Second, to articulate the content students are expected to learn at each level and in each subject area, the Marzano Academies model defines its academic program in a highly precise manner. For each topic that students must master, a proficiency scale delineates the progression of learning, from basic knowledge and skills, to the target level that students are expected to reach, to opportunities for advanced applications. A manageable set of proficiency scales for each content area at each level ensures consistency—students master the same content and skills no matter which teachers they learn from. The power of proficiency scales is that they show exactly what students need to know and how they will get there. Furthermore, teachers assess students, score work, and report grades based on proficiency scales. Feedback to students lets them know where on the scale their current level of knowledge falls, making it easy for them to see what they need to do to improve. When teachers report grades, those grades do not take the form of an omnibus percentage or letter grade, but rather a set of individual scores for each topic that the student is currently working on.

A third way that the Marzano Academies model differs from a typical traditional school is its recognition that effective education goes beyond academic content. The model includes directly teaching cognitive and metacognitive skills, such as analytical thinking, problem solving, impulse control, and collaboration. These skills are as essential to preparedness for life and career as academic content, so age-appropriate learning progressions for each skill are defined through proficiency scales. Students learn information and processes related to each skill and teachers give feedback on students’ mastery thereof.

The Marzano Academies model also includes social-emotional components. The community of the school sets the environment for learning, and the quality of that community impacts the quality of students’ education. The academy model emphasizes relationships and a sense of belonging among students, teachers, leaders, and other stakeholders. In addition to regular social-emotional learning on topics like mindfulness and empathy, students in a Marzano Academy participate in inspiring programs like those presented by Rachel’s Challenge, an anti-bullying organization that focuses on kindness and compassion (www.rachelschallenge.org).

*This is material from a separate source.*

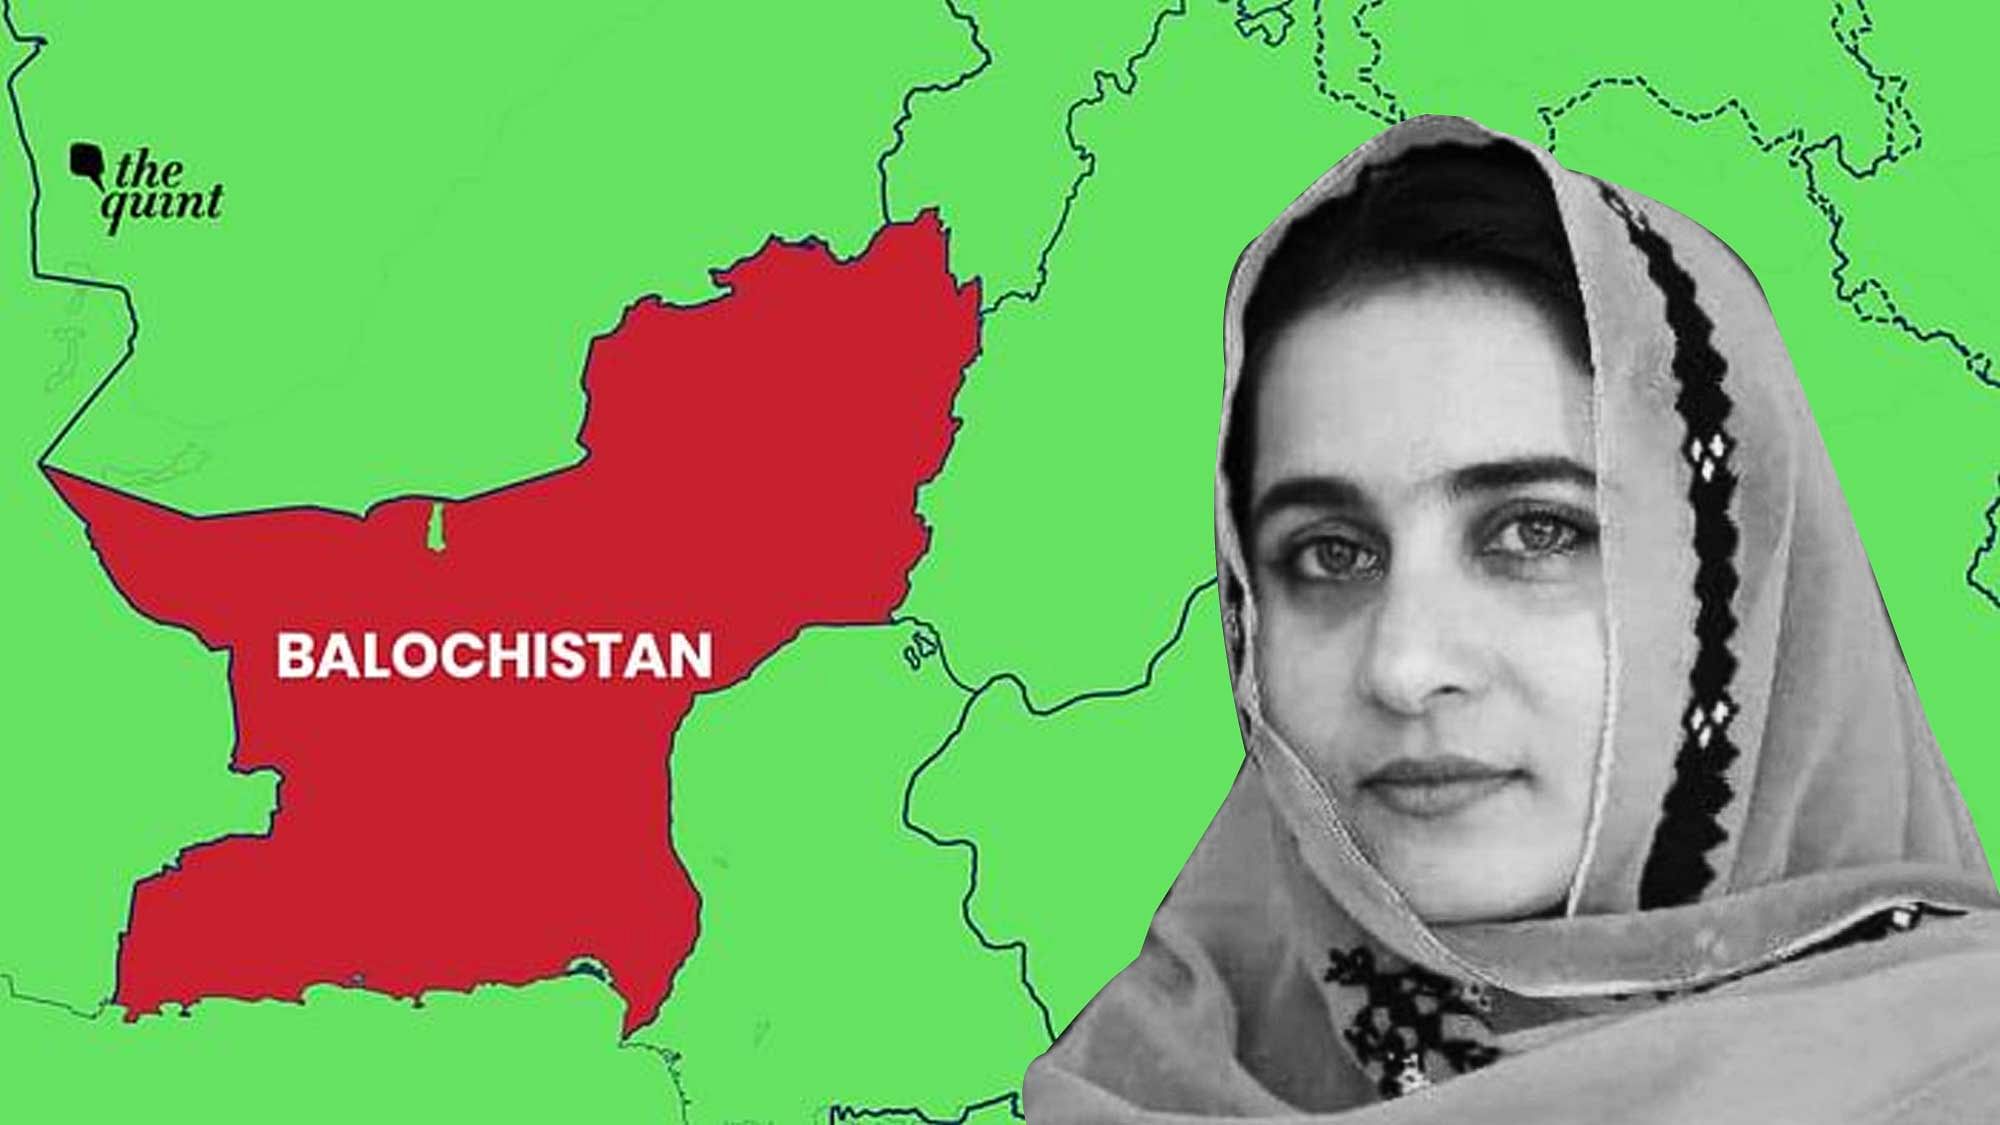 Balochistan map and Karima Baloch — images used for representational purposes.

The final unique component we will mention here is the Marzano Academies approach to instruction. An instructional model defines in detail the practices associated with excellent teaching. The Marzano Academies instructional model includes forty-nine elements of effective instruction for CBE, ranging from content-delivery elements, like recording and representing content, to elements related to the classroom context, such as showing value and respect for all learners. With support from school leaders, teachers are expected to set goals and develop their abilities relative to the elements of the instructional model. Instruction in the Marzano Academies model also includes the systematic use of strategies known to improve students’ retention of information, such as cumulative review.

While the Marzano Academies model may seem complex, its components form a coherent whole that drives toward a single goal: the highest-quality education for all learners. The structure that allows school leaders to manage these seemingly different initiatives in a cohesive, integrated fashion is the concept of a high reliability organization.